Speaker
Description
To develop new frequency bands for broadband satellite communications and to ensure the constantly growing demand for higher data rates, the EIVE project proposes the world’s first in-orbit verification of a communication link in E-Band on a CubeSat system. A data downlink is planned in the frequency range of 71-76 GHz, allowing 5 GHz radio frequency data bandwidth, from a nanosatellite to a ground station. The main purpose of the mission is to evaluate the influence of the atmospheric effects on different modulations formats but also the transmission of uncompressed, high resolution 4K video data via the E-Band link, for future Earth observation services or inter-satellite links. A reconfigurable on-board payload computer based on Field-Programmable Gate Array (FPGA) technology provides the needed flexibility and enables adaptable modulation formats with respective data rates and switching / routing of the digital processing chain. The digital signal processing for the E-Band link is entirely performed by the payload FPGA, independent on the on-board computer and it only communicates with the on-board computer by means of a Universal Asynchronous Receiver-Transmitter (UART) protocol. An Arbitrary Waveform Generator (AWG) is implemented on the payload FPGA and the waveform patterns are integrated in a memory block and played-back cyclically via a high-speed interface. The baseband signal has up to 3 GHz bandwidth and the digital-to-analog converter (DAC) has a resolution of 8 bit and a sampling rate of 12 GSa/s.
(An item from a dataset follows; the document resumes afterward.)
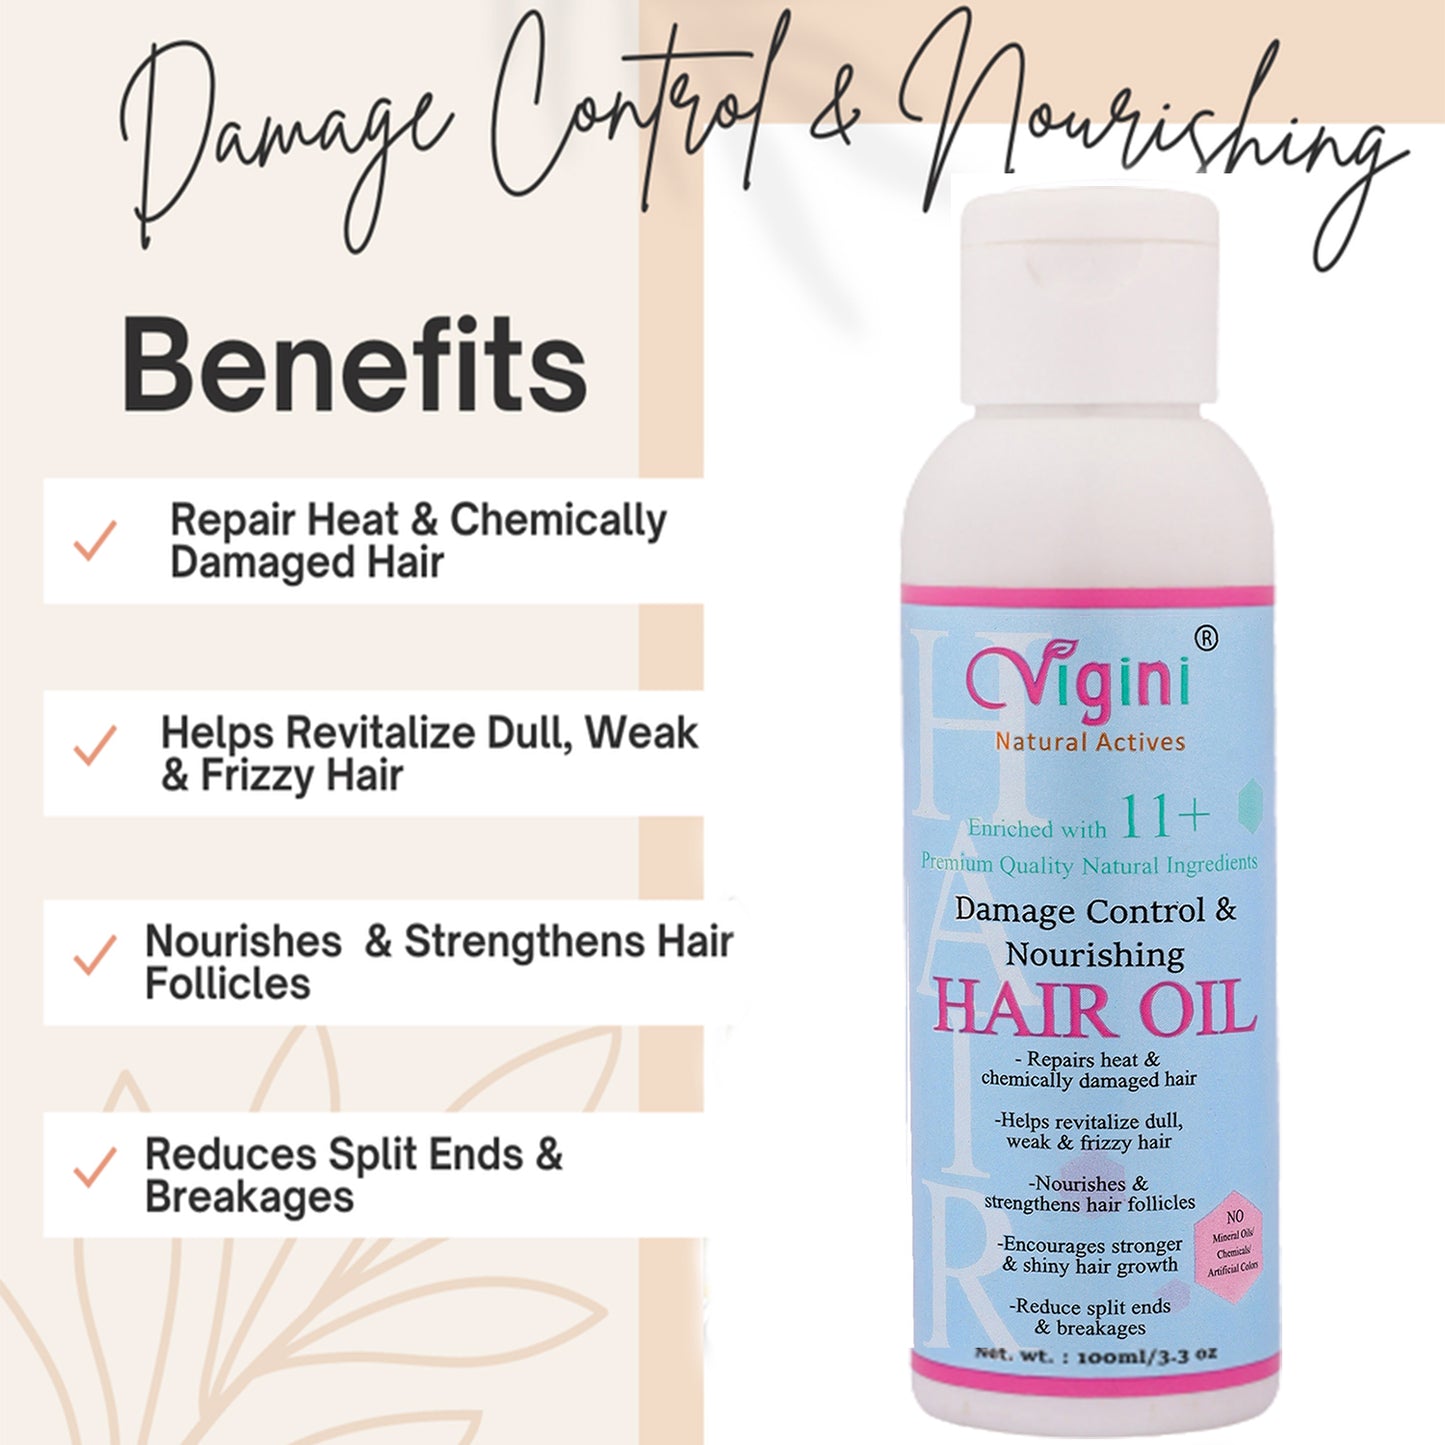 Damage Control & Nourishing Hair Oil

A trade-off analysis between two FPGAs is also shown and the suitable type is chosen according to the application requirements. A DAC is chosen in harmony with the selected FPGA. The presentation introduces the system design, the requirement engineering, the design flow, the different interfaces integration and the planned qualification tests for the payload computer of the extremely high data rate satellite link. The EIVE satellite is scheduled to fly in 2021.